*** Block opens ***

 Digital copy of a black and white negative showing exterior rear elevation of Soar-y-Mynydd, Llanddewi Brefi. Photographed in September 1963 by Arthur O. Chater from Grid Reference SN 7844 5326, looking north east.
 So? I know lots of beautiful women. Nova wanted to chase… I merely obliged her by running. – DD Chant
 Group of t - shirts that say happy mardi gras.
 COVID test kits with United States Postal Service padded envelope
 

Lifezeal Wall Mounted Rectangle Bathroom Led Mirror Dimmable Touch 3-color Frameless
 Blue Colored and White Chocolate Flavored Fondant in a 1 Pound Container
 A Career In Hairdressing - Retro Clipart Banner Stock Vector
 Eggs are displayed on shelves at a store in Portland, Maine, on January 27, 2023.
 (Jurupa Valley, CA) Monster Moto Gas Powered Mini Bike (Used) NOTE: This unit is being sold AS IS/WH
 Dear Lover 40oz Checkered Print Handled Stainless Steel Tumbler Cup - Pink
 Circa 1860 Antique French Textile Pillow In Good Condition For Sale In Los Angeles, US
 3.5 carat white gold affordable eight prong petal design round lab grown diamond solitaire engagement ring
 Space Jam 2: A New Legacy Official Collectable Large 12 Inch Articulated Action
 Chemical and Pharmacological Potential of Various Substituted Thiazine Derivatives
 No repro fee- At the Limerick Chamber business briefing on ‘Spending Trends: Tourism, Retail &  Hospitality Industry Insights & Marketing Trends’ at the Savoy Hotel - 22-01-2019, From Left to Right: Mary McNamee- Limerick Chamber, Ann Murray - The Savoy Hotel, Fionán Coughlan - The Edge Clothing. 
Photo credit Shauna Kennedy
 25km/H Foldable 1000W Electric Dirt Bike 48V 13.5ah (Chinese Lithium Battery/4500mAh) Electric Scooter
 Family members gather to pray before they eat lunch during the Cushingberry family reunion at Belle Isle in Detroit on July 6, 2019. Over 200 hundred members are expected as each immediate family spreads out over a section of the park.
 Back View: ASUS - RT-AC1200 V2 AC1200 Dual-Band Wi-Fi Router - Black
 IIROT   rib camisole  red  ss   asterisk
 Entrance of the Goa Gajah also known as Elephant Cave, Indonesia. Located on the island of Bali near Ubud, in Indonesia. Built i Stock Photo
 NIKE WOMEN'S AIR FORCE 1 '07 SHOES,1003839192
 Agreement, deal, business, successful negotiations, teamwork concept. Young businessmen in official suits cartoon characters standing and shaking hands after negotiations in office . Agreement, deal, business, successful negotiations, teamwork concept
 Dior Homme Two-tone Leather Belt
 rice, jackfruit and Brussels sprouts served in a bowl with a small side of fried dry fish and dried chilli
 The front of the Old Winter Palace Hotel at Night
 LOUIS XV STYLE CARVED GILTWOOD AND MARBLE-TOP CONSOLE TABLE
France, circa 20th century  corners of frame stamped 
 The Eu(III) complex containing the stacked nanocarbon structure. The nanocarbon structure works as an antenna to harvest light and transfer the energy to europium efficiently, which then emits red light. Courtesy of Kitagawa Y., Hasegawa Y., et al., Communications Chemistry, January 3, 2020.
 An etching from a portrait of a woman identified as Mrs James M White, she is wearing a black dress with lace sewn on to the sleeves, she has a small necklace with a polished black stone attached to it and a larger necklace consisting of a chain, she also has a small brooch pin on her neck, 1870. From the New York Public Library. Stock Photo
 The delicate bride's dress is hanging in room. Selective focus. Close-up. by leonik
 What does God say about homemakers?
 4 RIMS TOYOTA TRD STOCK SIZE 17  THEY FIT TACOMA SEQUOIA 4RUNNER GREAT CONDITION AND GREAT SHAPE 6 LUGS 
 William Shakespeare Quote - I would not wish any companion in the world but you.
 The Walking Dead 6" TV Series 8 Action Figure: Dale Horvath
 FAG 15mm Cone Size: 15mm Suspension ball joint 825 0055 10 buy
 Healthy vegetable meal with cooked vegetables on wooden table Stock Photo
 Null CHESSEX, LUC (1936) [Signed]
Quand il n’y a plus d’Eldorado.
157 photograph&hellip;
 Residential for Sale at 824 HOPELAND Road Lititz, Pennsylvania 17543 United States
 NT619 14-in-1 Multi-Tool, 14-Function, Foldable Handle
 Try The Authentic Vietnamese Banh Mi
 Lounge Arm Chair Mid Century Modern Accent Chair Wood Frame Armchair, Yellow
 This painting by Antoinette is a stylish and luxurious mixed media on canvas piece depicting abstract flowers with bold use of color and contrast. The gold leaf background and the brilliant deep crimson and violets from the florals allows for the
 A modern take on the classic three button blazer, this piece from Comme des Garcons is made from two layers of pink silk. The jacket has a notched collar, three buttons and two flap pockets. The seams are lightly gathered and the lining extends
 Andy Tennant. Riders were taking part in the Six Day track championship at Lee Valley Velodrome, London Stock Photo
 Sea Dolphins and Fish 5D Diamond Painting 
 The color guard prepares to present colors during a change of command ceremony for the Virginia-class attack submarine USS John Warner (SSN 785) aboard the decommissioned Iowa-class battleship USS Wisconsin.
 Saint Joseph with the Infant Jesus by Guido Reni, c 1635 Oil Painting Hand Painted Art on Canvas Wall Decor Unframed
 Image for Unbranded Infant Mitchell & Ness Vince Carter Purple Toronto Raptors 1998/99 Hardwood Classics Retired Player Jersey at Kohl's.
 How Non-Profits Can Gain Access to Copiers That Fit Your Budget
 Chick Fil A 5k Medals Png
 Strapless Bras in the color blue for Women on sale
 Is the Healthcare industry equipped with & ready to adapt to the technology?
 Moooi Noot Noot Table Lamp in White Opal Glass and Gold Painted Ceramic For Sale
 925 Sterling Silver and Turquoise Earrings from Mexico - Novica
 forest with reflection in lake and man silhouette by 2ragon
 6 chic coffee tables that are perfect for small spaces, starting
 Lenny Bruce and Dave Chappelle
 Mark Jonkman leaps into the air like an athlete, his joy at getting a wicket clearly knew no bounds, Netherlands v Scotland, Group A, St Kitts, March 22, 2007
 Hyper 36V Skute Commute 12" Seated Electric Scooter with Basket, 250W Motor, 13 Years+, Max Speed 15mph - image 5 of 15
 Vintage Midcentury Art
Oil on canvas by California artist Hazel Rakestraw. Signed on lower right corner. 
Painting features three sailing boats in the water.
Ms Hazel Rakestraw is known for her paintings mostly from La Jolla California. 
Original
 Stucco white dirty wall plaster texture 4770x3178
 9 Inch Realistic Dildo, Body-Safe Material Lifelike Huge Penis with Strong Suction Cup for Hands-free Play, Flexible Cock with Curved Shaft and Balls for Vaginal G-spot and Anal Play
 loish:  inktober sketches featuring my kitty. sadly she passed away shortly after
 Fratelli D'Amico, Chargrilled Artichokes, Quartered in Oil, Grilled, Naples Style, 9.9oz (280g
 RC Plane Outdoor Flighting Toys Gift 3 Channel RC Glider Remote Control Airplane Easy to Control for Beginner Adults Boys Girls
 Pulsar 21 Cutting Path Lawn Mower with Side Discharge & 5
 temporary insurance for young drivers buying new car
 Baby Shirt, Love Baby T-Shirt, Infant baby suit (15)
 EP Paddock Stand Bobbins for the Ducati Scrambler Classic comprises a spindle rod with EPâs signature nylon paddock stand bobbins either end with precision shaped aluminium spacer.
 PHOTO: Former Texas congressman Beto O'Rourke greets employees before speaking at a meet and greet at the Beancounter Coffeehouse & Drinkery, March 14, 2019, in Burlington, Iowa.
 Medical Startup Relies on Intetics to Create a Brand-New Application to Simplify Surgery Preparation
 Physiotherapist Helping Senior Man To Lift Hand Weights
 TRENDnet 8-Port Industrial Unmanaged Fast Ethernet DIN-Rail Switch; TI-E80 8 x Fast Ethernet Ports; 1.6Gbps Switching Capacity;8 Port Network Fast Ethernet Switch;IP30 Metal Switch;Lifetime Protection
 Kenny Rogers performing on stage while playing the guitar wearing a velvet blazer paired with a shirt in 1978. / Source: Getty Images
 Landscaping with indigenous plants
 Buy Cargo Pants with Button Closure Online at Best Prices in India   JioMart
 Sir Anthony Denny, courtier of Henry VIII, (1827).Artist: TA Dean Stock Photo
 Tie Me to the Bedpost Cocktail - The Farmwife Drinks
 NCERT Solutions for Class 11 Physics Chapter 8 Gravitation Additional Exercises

*** Block closes ***

Set down, exactly as they stand above, the lines starting with the line with "4 RIMS TOYOTA" and going on through the line with "Chick Fil A 5k Medals Png", and no others.

 4 RIMS TOYOTA TRD STOCK SIZE 17  THEY FIT TACOMA SEQUOIA 4RUNNER GREAT CONDITION AND GREAT SHAPE 6 LUGS 
 William Shakespeare Quote - I would not wish any companion in the world but you.
 The Walking Dead 6" TV Series 8 Action Figure: Dale Horvath
 FAG 15mm Cone Size: 15mm Suspension ball joint 825 0055 10 buy
 Healthy vegetable meal with cooked vegetables on wooden table Stock Photo
 Null CHESSEX, LUC (1936) [Signed]
Quand il n’y a plus d’Eldorado.
157 photograph&hellip;
 Residential for Sale at 824 HOPELAND Road Lititz, Pennsylvania 17543 United States
 NT619 14-in-1 Multi-Tool, 14-Function, Foldable Handle
 Try The Authentic Vietnamese Banh Mi
 Lounge Arm Chair Mid Century Modern Accent Chair Wood Frame Armchair, Yellow
 This painting by Antoinette is a stylish and luxurious mixed media on canvas piece depicting abstract flowers with bold use of color and contrast. The gold leaf background and the brilliant deep crimson and violets from the florals allows for the
 A modern take on the classic three button blazer, this piece from Comme des Garcons is made from two layers of pink silk. The jacket has a notched collar, three buttons and two flap pockets. The seams are lightly gathered and the lining extends
 Andy Tennant. Riders were taking part in the Six Day track championship at Lee Valley Velodrome, London Stock Photo
 Sea Dolphins and Fish 5D Diamond Painting 
 The color guard prepares to present colors during a change of command ceremony for the Virginia-class attack submarine USS John Warner (SSN 785) aboard the decommissioned Iowa-class battleship USS Wisconsin.
 Saint Joseph with the Infant Jesus by Guido Reni, c 1635 Oil Painting Hand Painted Art on Canvas Wall Decor Unframed
 Image for Unbranded Infant Mitchell & Ness Vince Carter Purple Toronto Raptors 1998/99 Hardwood Classics Retired Player Jersey at Kohl's.
 How Non-Profits Can Gain Access to Copiers That Fit Your Budget
 Chick Fil A 5k Medals Png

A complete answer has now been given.